Task to carry out: When you copy from the entries that follow, take only the lines from the one with "Orange County Choppers" down to the one with "Girl with Magnifying Glass", keeping both ends and dropping every picture.

══ Information given ══

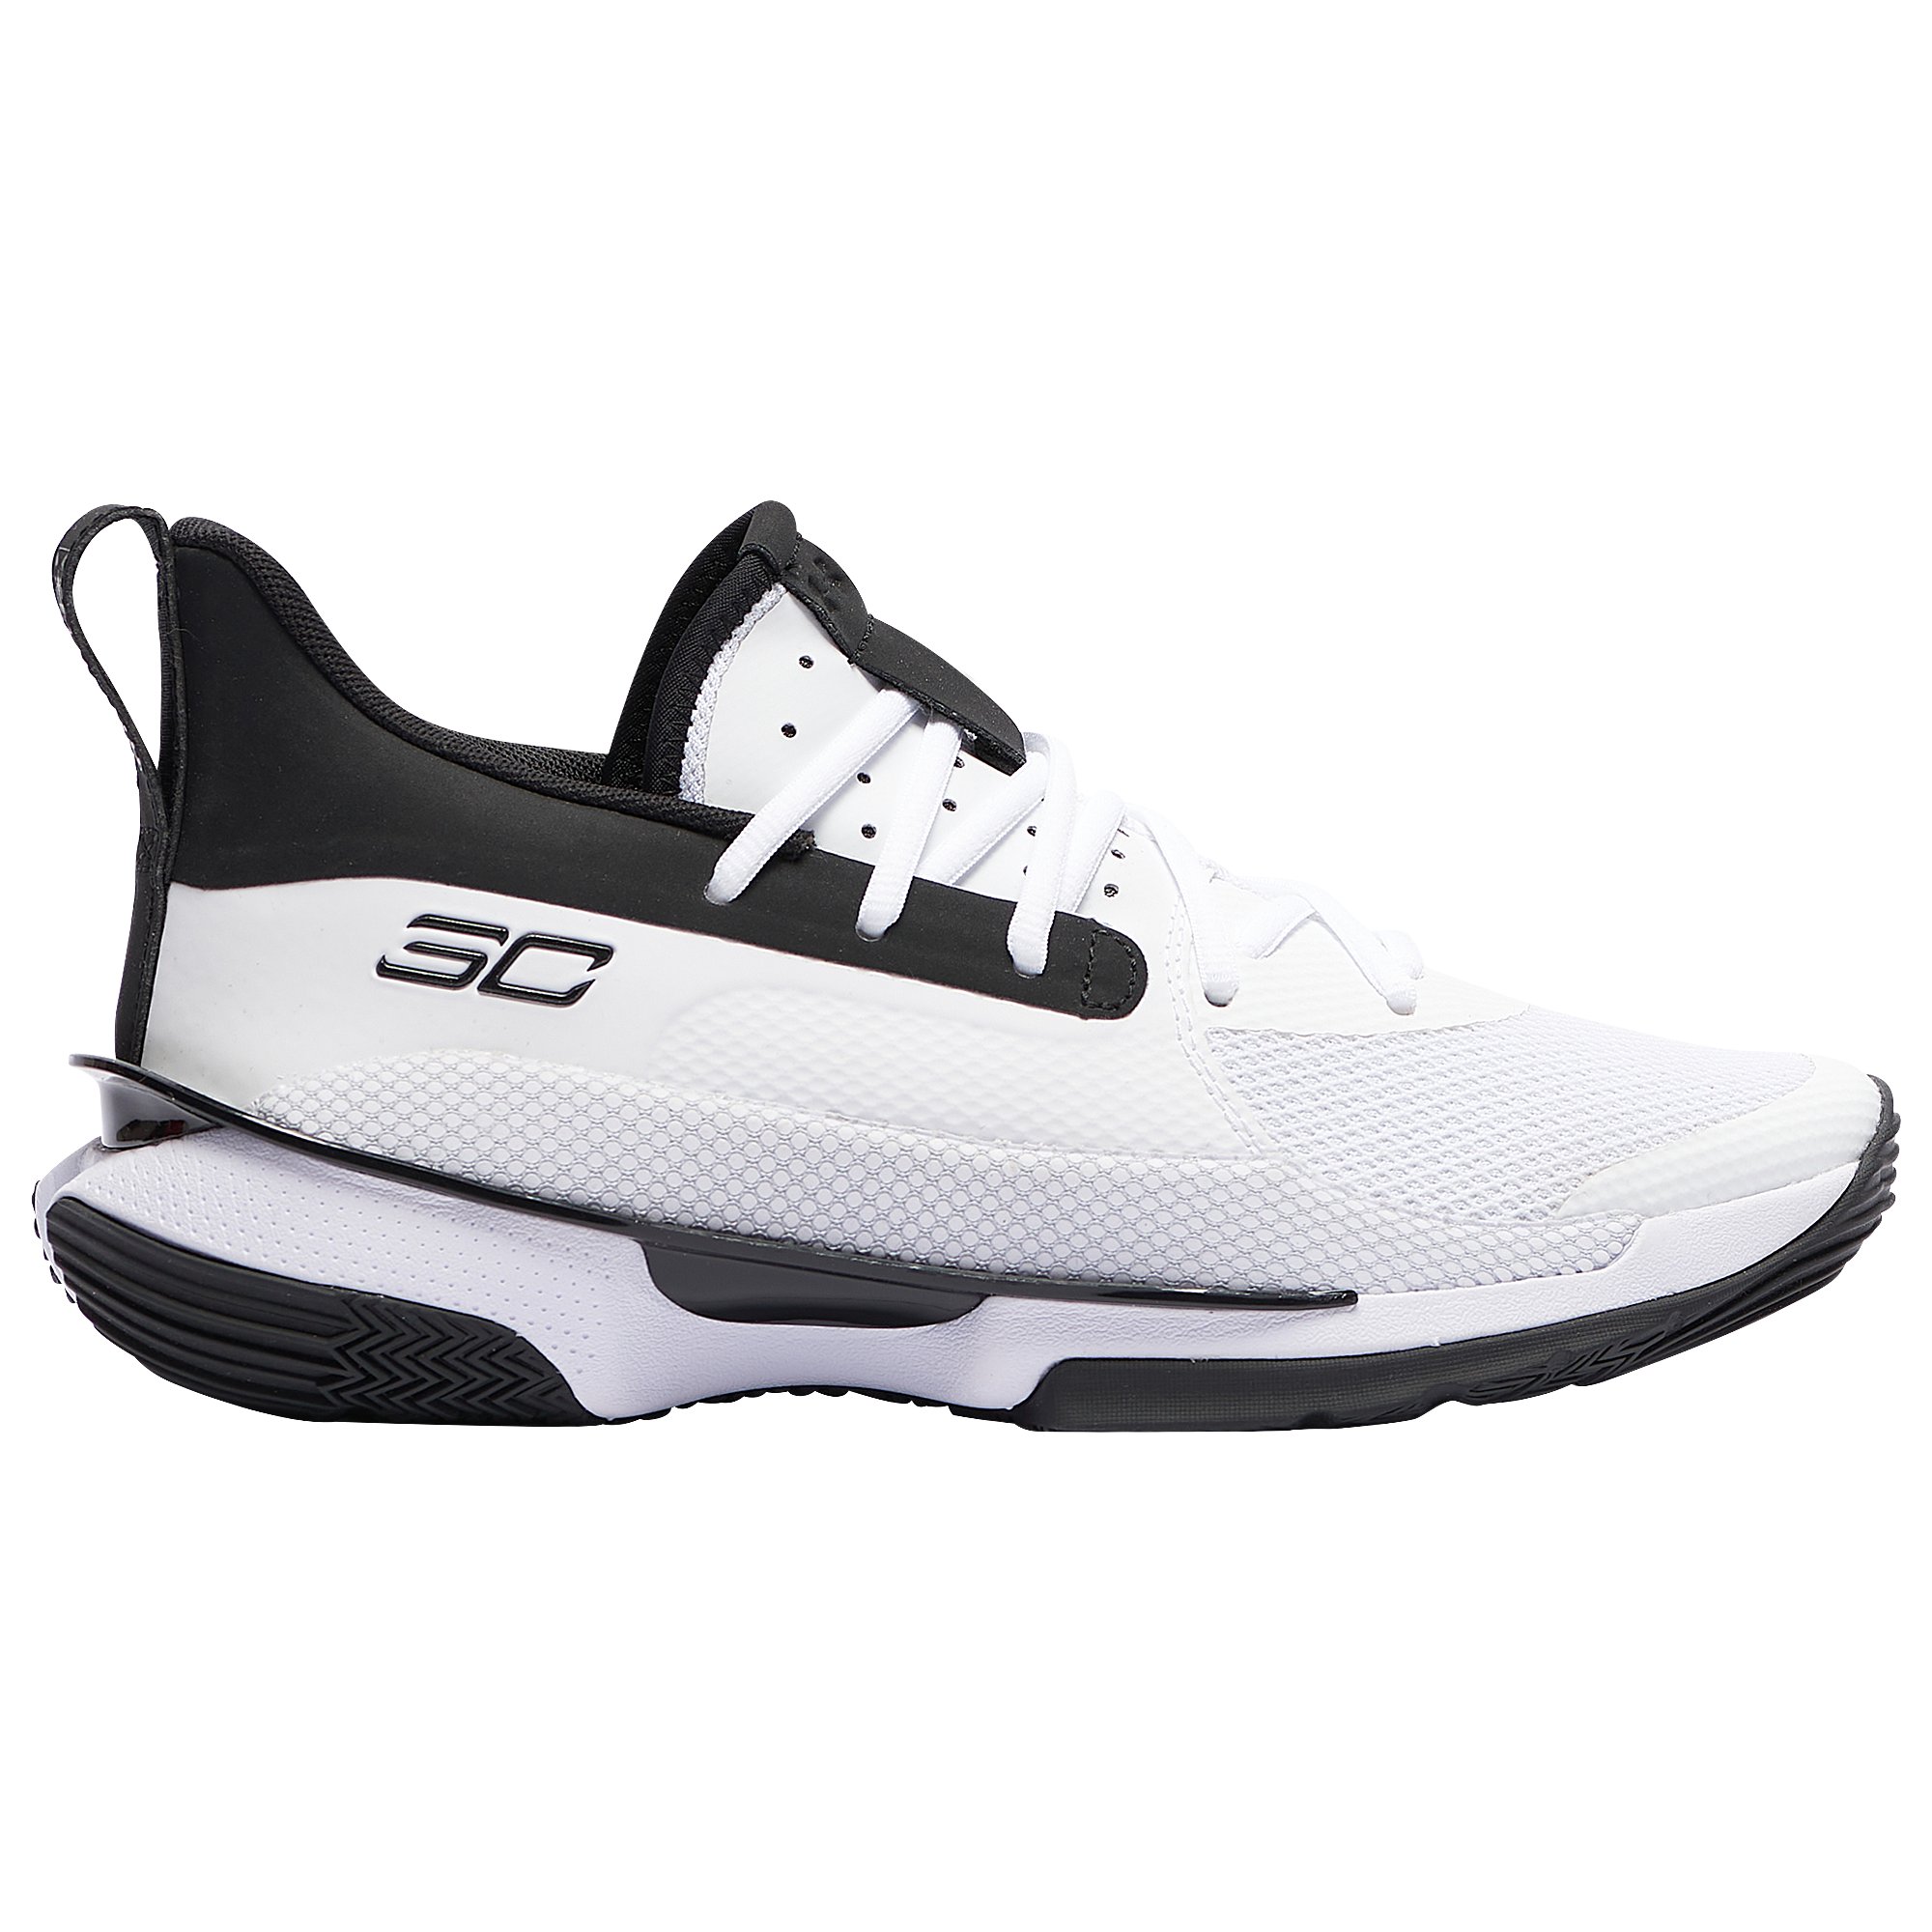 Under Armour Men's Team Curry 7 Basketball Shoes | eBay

═══
══ Information given ══

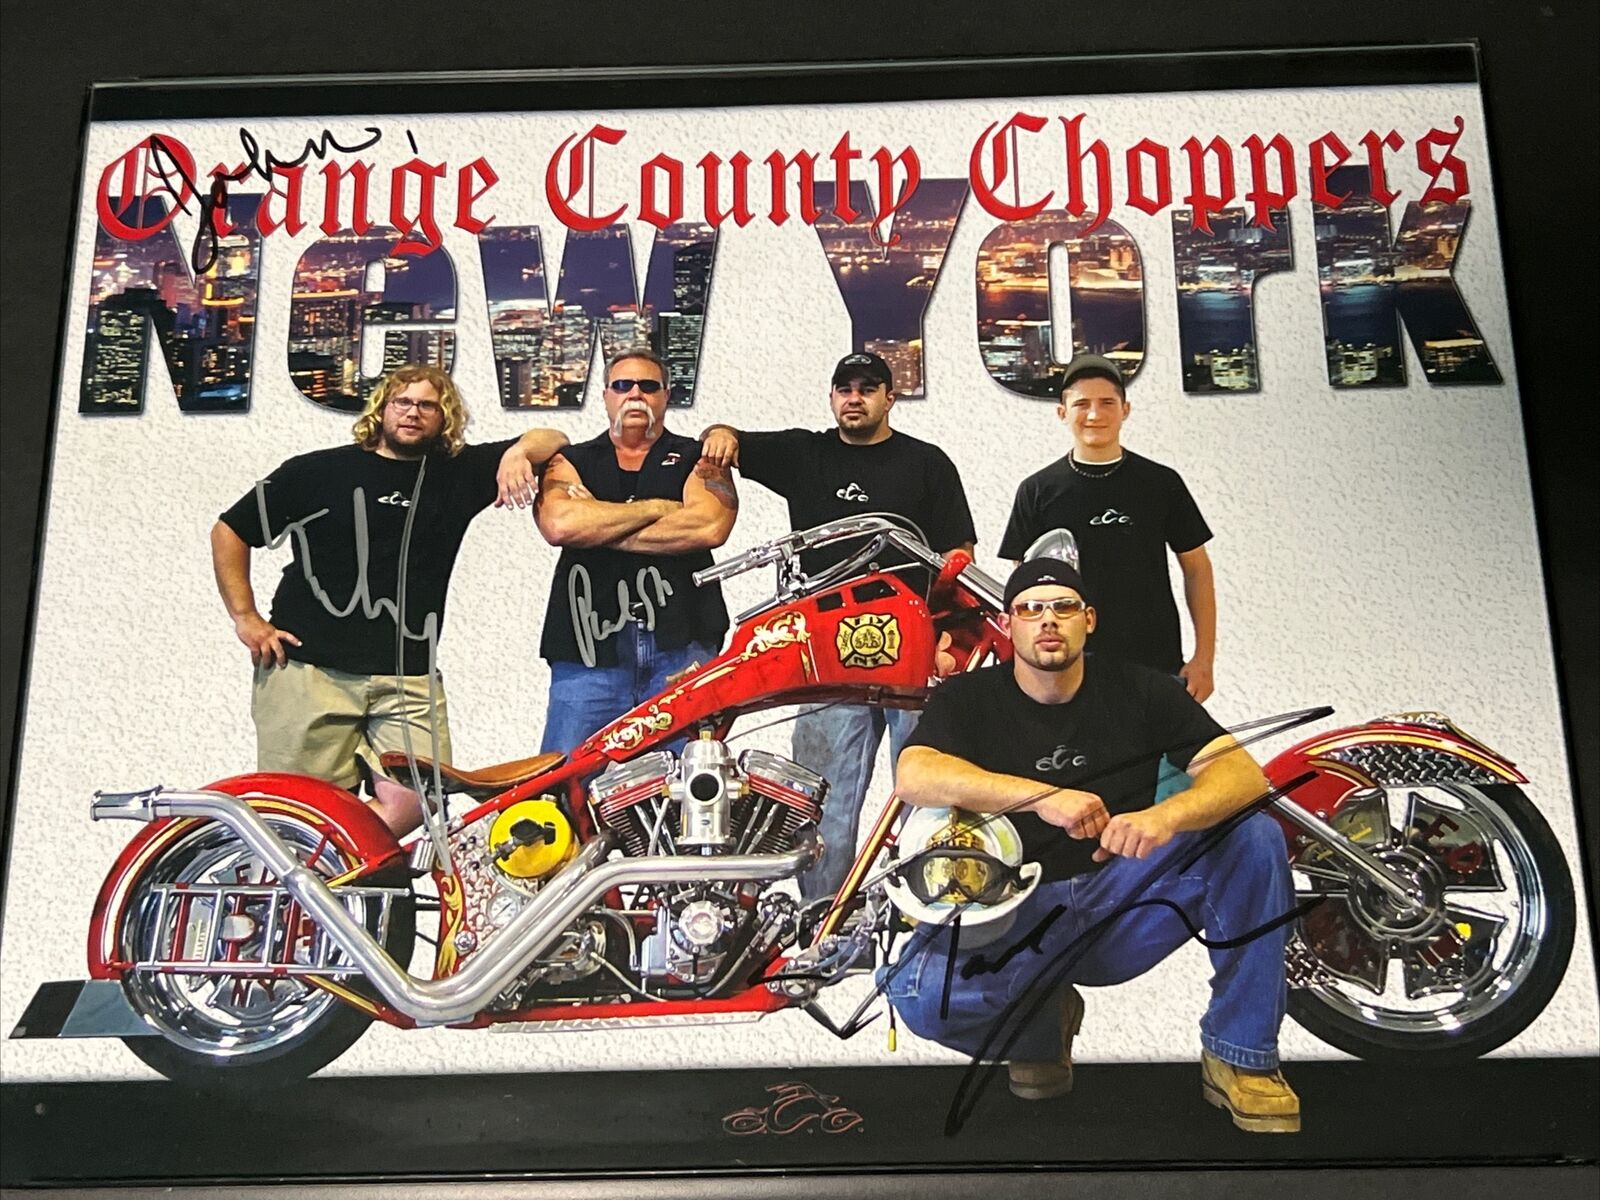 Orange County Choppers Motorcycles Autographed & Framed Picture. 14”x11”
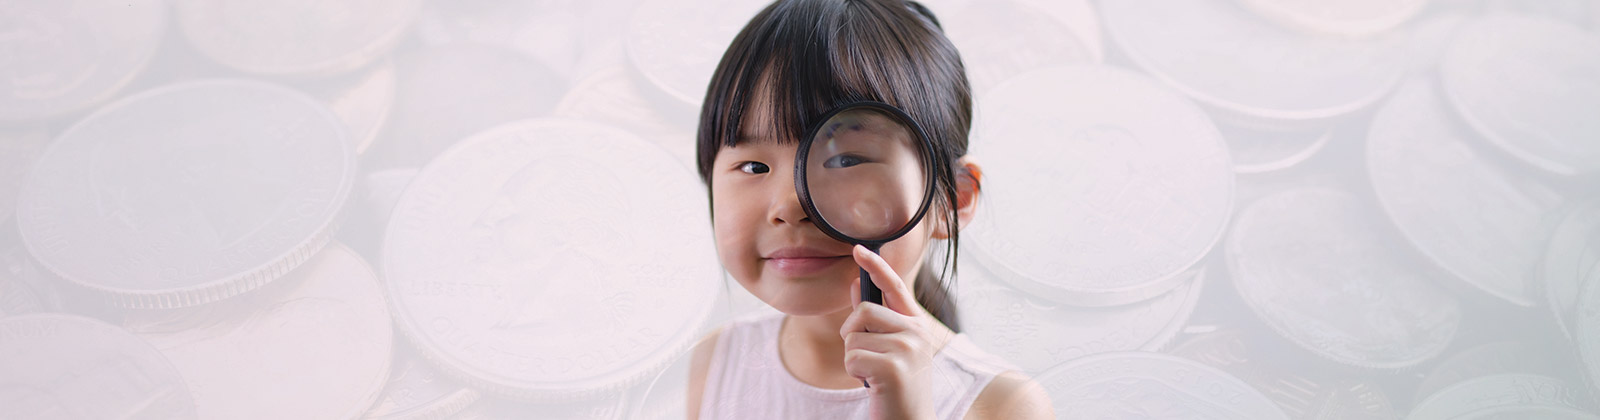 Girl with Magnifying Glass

═══
══ Information given ══

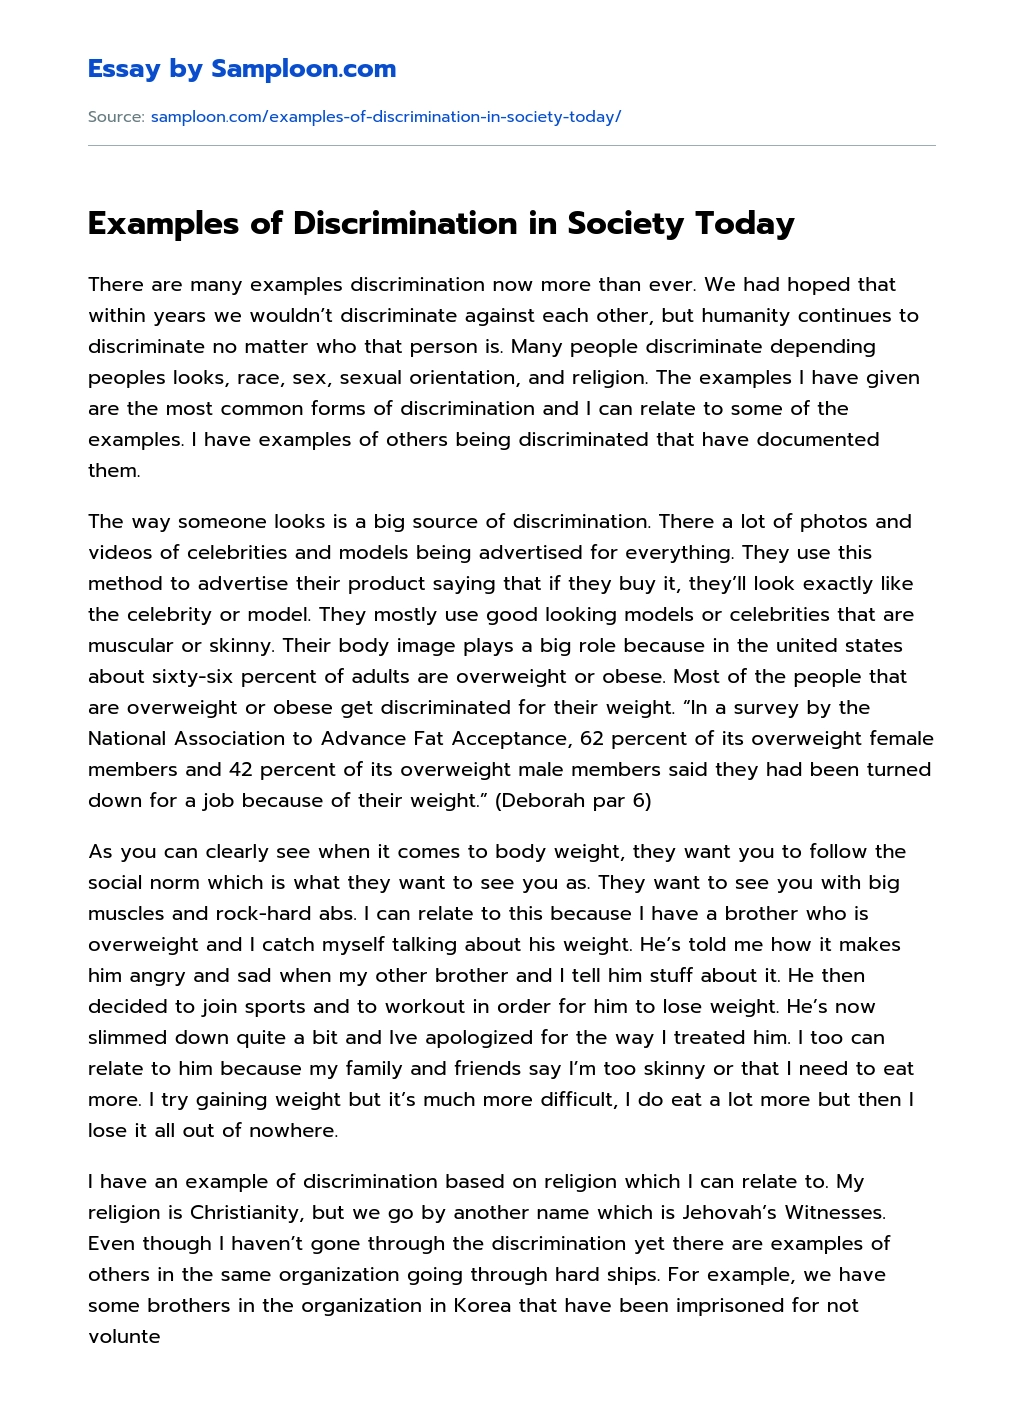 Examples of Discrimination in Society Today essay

═══

Answer for this exercise:
 Orange County Choppers Motorcycles Autographed & Framed Picture. 14”x11”
 Girl with Magnifying Glass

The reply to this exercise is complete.